他斜侧着身子,半蹲在地面,左手还搭在拉门上,保持着开门一刹那的姿势。当他稍微回过神来,想重新将木门合上时,却发现身体僵硬如铁,无法动弹。
“身子动不了了?”廖悦心中惊骇,此刻他感觉自己好像变成了一座雕像,除了可以思考和转动眼珠子外,身体其他部位完全不听他的指示,就连动一下手指头都不行。
清冷的月光之下,那只鹦鹉开始蹦跳了起来,一步步向廖悦脚下逼近,目光中带着一种无法形容的邪魅之意,让廖悦早已麻木的身子,不由自主地又冒出了一身冷汗。
“猴子,该死,该死。”鹦鹉竟然学起了猴子的语调,在寂静的环境中显得尤为诡异。
廖悦此刻心中万分着急,他知道鹦鹉的目标不是自己,但是自己却鬼使神差地打开了门,要是猴子因此有个三长两短的话,他会自责一辈子的,他情愿这只鹦鹉是冲着自己来的。
“我一定是中了什么厉害的催眠术!”廖悦脑子清醒了几分,拼命想要挣扎,但是不管他如何努力,身体好像和大脑失去了联系一样。
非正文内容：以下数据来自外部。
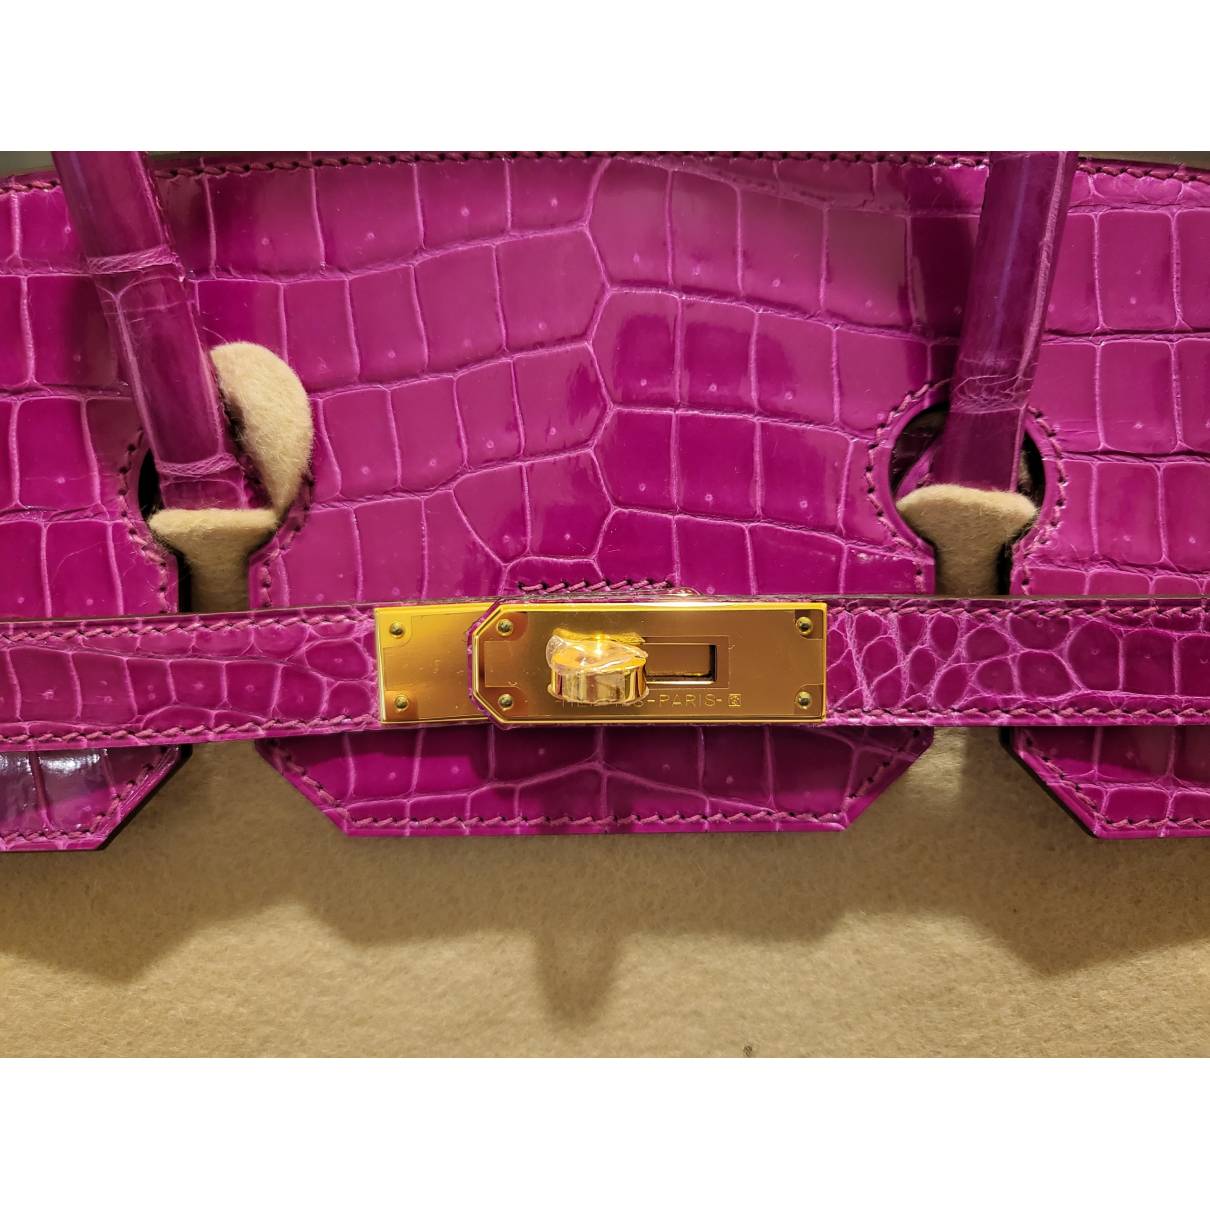 Birkin 35 crocodile handbag Hermès Red in Crocodile - 31576634

这种情况,有点类似于进入睡眠瘫痪症的状态,就是传说中的“鬼压床”。
绿皮鹦鹉抖了抖翅膀,一下子飞到了廖悦的肩膀上,用邪魅的眼神近距离打量着他,竟然露出了人性化的表情,带着一种嘲笑侮辱之意。
廖悦看到鹦鹉嚣张地在他面前耀武扬威,心中刚才那股惧意慢慢淡了下去,反而逐渐被一种愤怒所取代,他恨不得一把将眼前这只可恶的家伙捏在手里,使劲蹂躏一番,看它还怎么蹦跶。
鹦鹉似乎看透了他的思想一样,竟然扬起脖子“咯咯咯”怪笑了起来,那声音带着几分阴邪之气,听得人头皮发麻。接着,鹦鹉眼珠一转,脑袋一歪,所有动作瞬间停止了下来,开始全神贯注地观察着屋内。
“猴子,糟了。”廖悦心中一惊,鹦鹉这副模样,好像是在思考如何处决它的猎物一样。
廖悦急得满头大汗,但是依旧无计可施,鹦鹉如今正全神贯注地盯着它的猎物,要制服它,显然是千载难逢的好时机,可是自己该死的身体依旧不听使唤。
就在他不知所措的时候,他忽然感觉背后一沉,好像有什么活物正慢慢地蹿到他的背上,十分谨慎地一点点挪动自己的身子。那东西的爪子非常锋利,勾住了他的衣服,刺进了他的皮肉里,疼得他眼泪直流,但又发不出声来。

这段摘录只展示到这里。